= Beginning of Section =

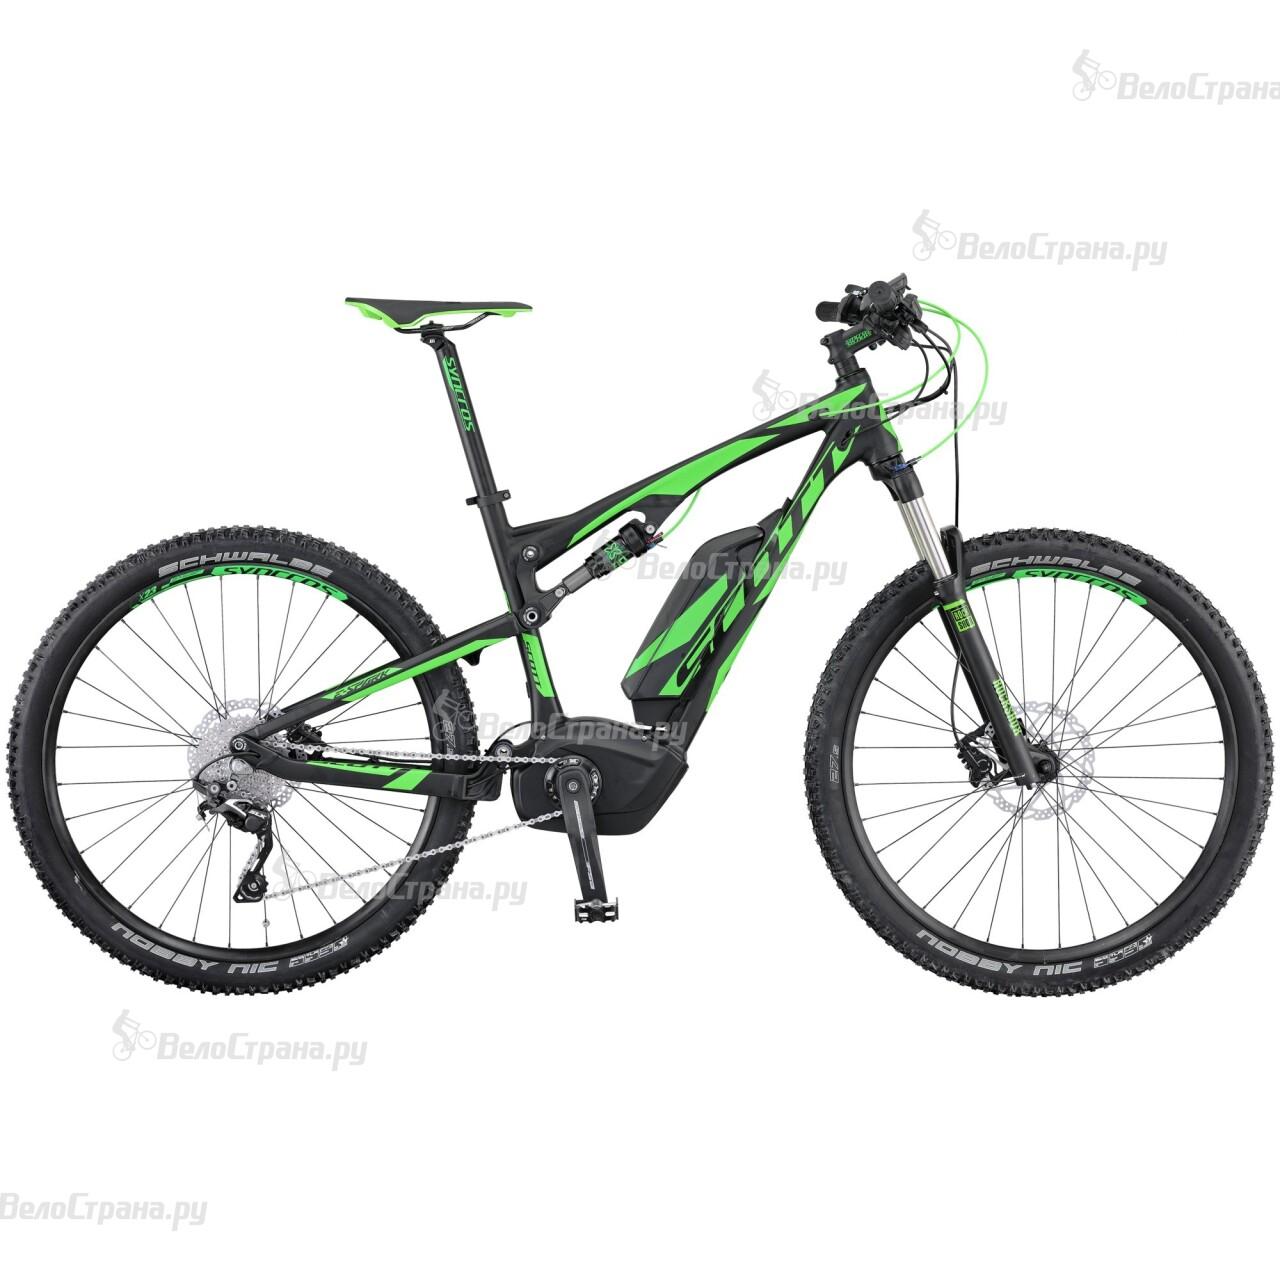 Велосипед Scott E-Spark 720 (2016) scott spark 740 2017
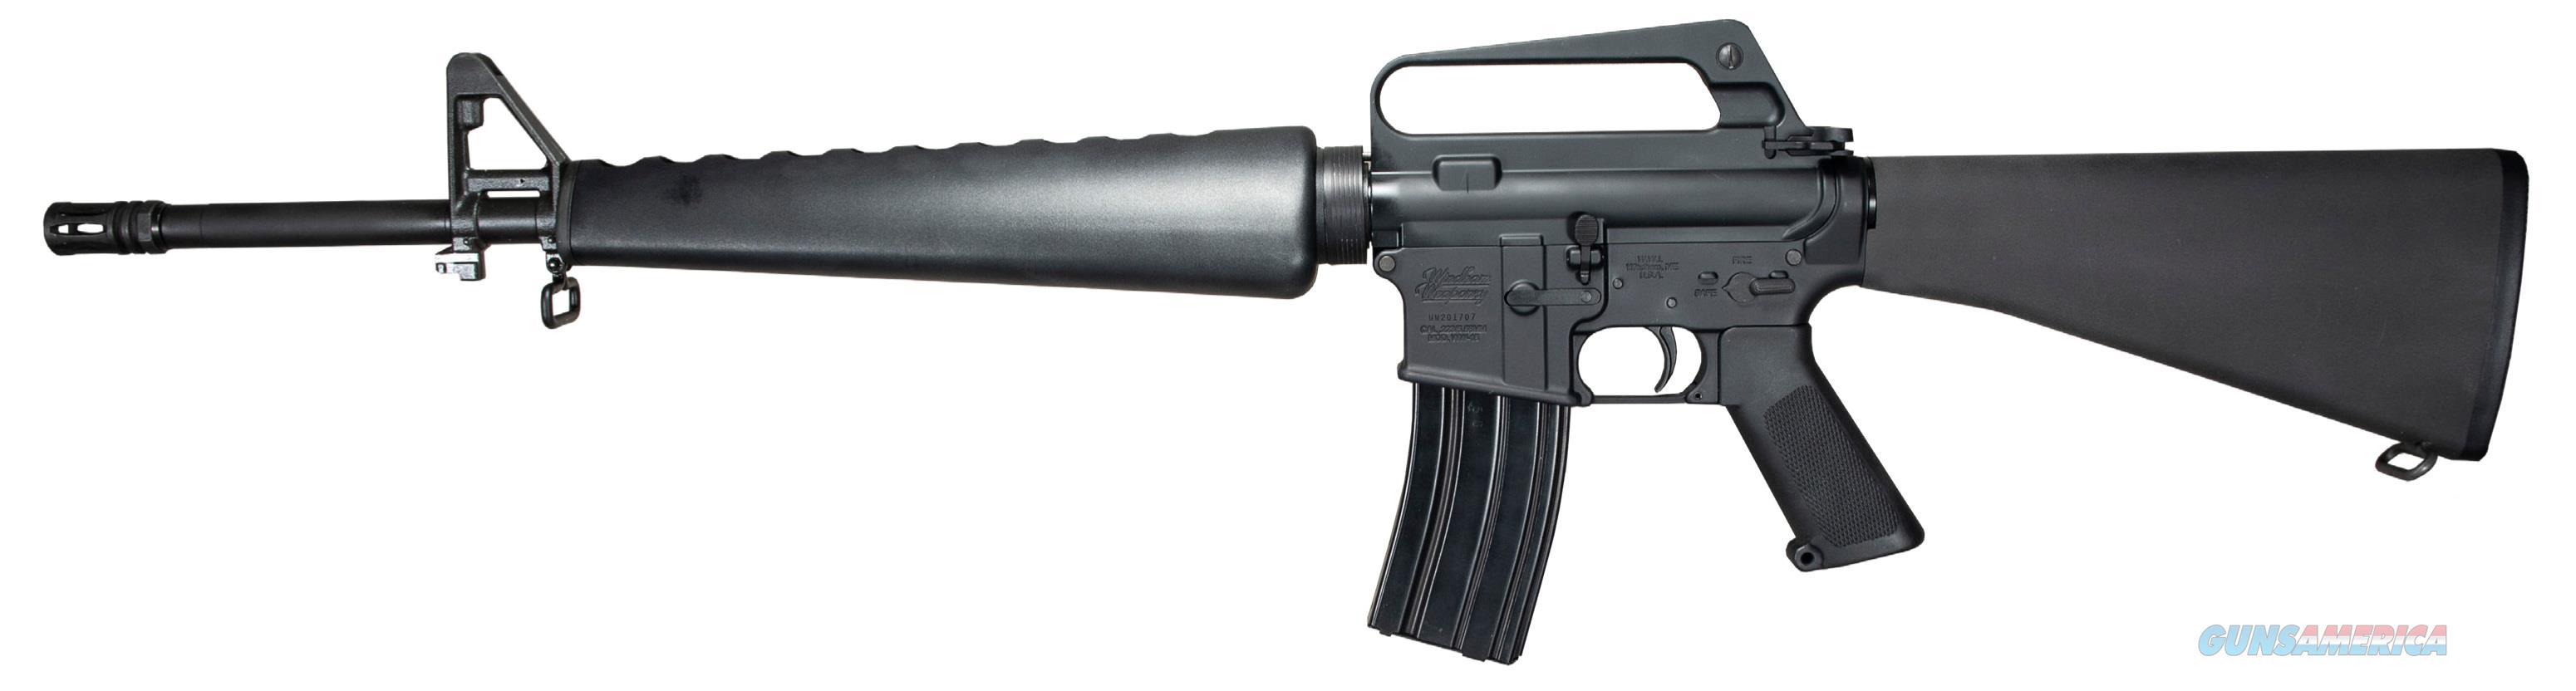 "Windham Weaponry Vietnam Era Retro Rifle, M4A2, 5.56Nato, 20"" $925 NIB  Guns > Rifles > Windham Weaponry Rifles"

= End of Section =
= Beginning of Section =

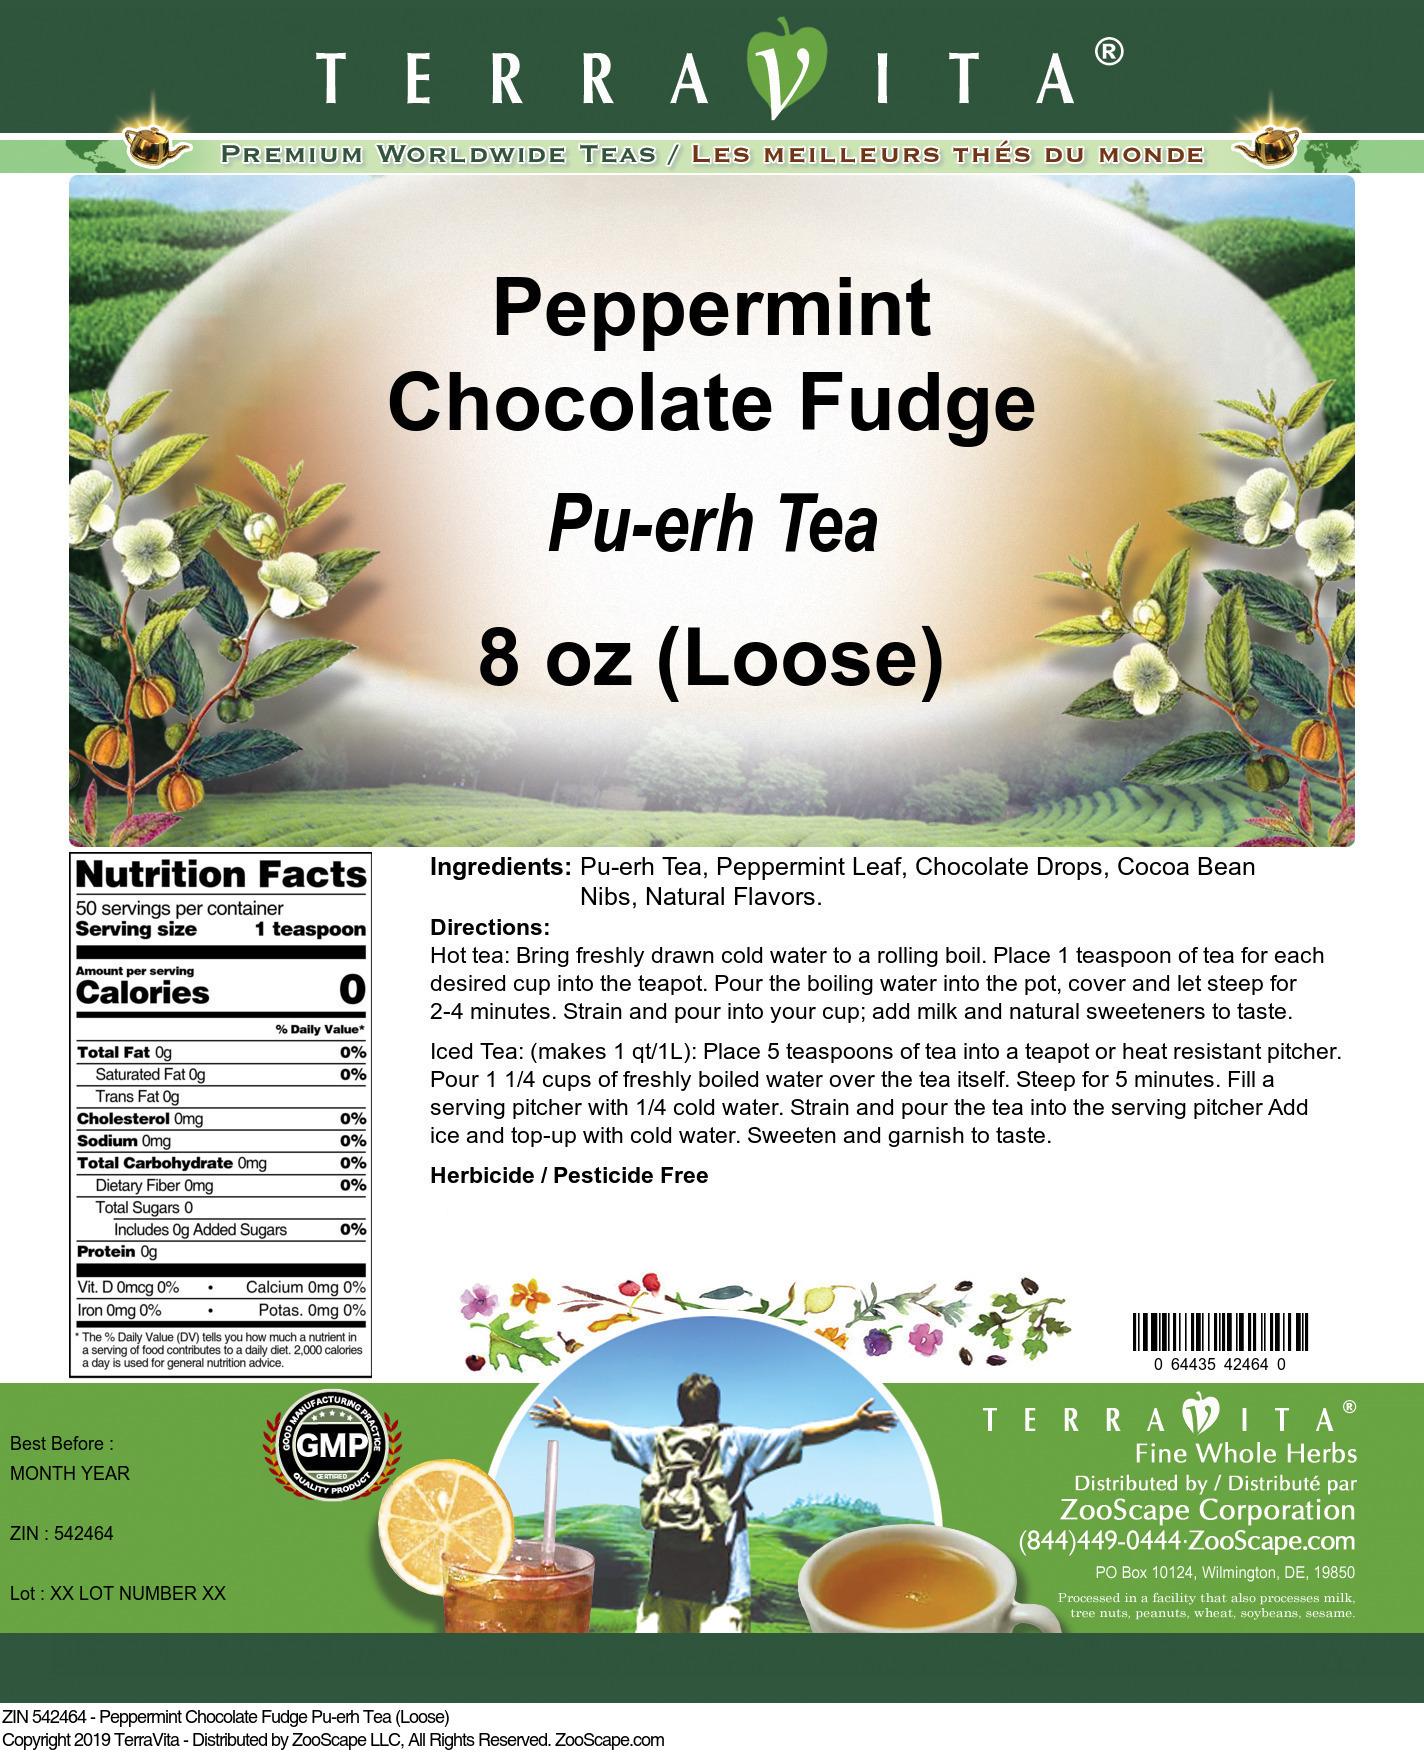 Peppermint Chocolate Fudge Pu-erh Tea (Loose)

= End of Section =

◆ **TASK DIRECTIONS**
Keep to the stretch from the line containing "Велосипед Scott E-Spark" through the line containing "Weaponry Vietnam Era", both ends included, and copy it exactly from the listing above, minus the pictures.

◆ **EXPECTED ANSWER**
 Велосипед Scott E-Spark 720 (2016) scott spark 740 2017
 "Windham Weaponry Vietnam Era Retro Rifle, M4A2, 5.56Nato, 20"" $925 NIB  Guns > Rifles > Windham Weaponry Rifles"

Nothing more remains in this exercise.